◆ RECORD EXCERPTS ◆
-*-*-

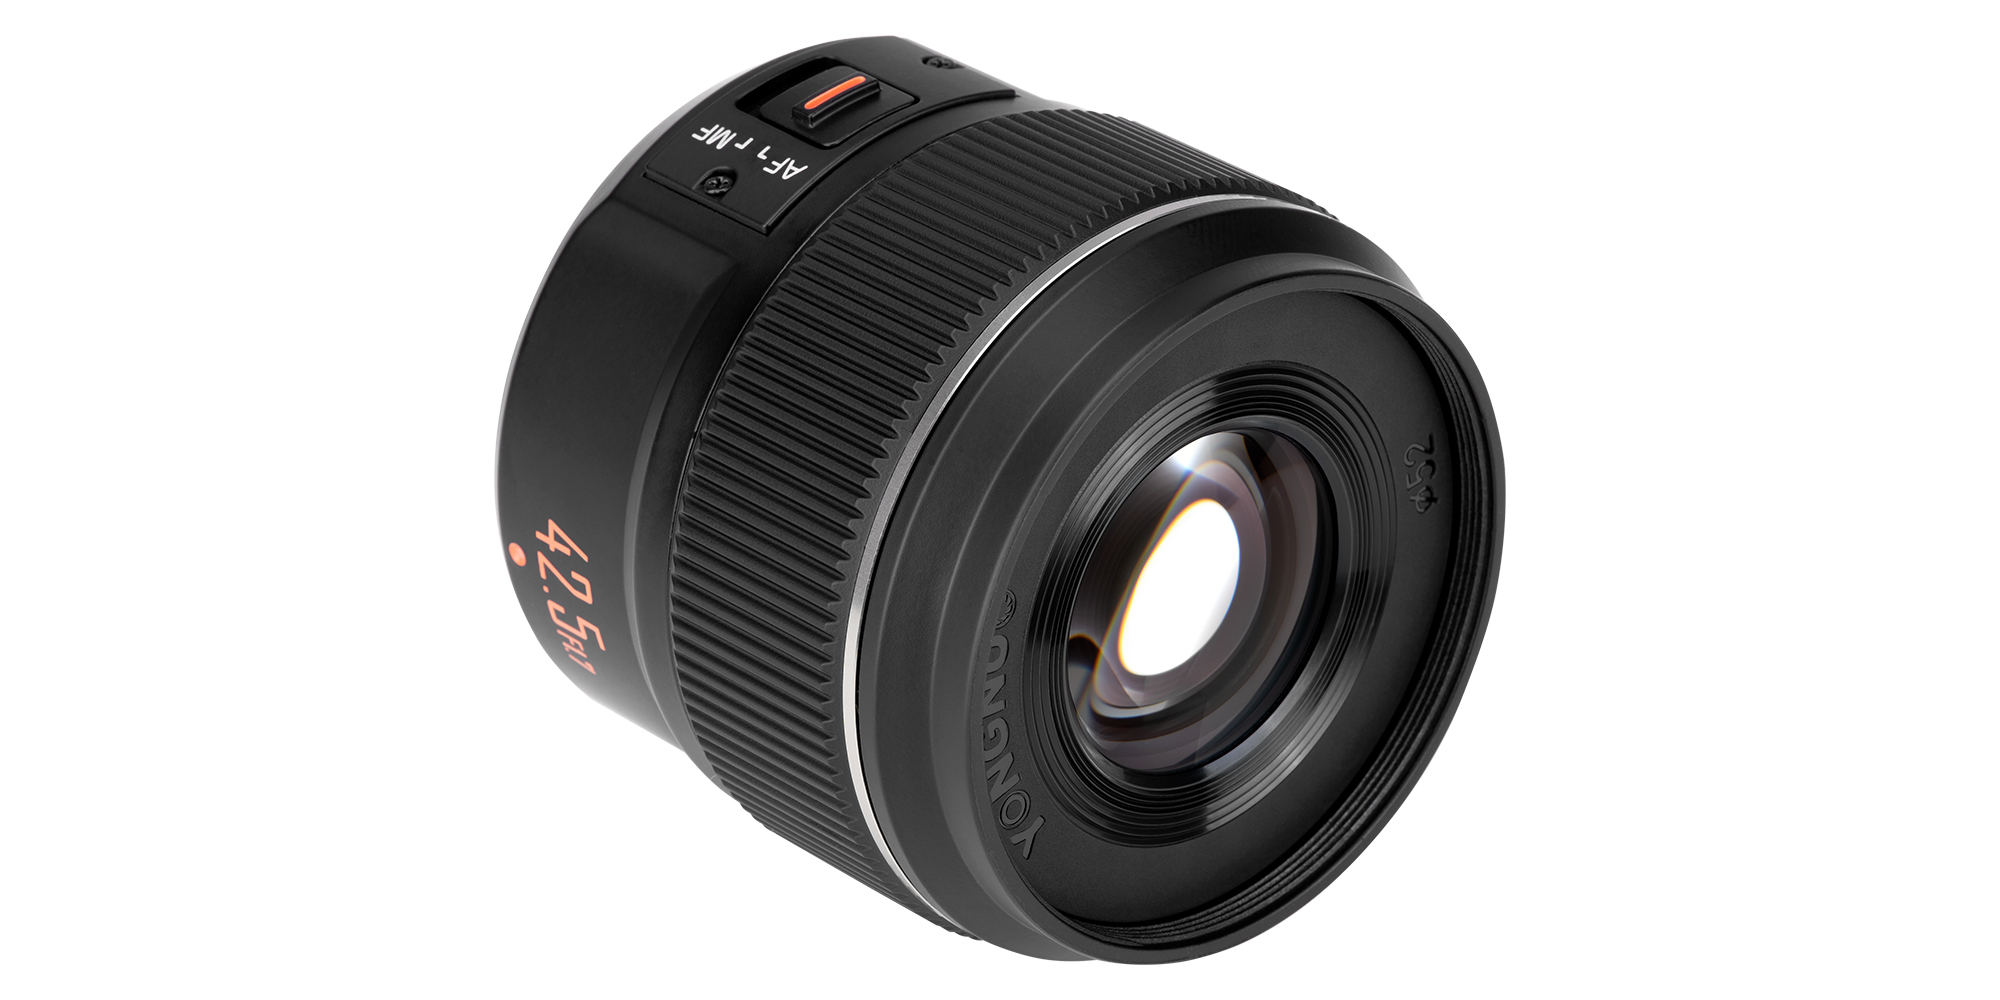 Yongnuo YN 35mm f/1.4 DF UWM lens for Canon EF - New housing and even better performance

-*-*-

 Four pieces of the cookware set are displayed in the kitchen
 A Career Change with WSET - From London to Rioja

-*-*-

◆ TASK PROMPT ◆
The reply should hold only the lines of the listing above starting at the line containing "Four pieces of" and ending at the line containing "A Career Change", exactly as written.

◆ YOUR SOLUTION ◆
 Four pieces of the cookware set are displayed in the kitchen
 A Career Change with WSET - From London to Rioja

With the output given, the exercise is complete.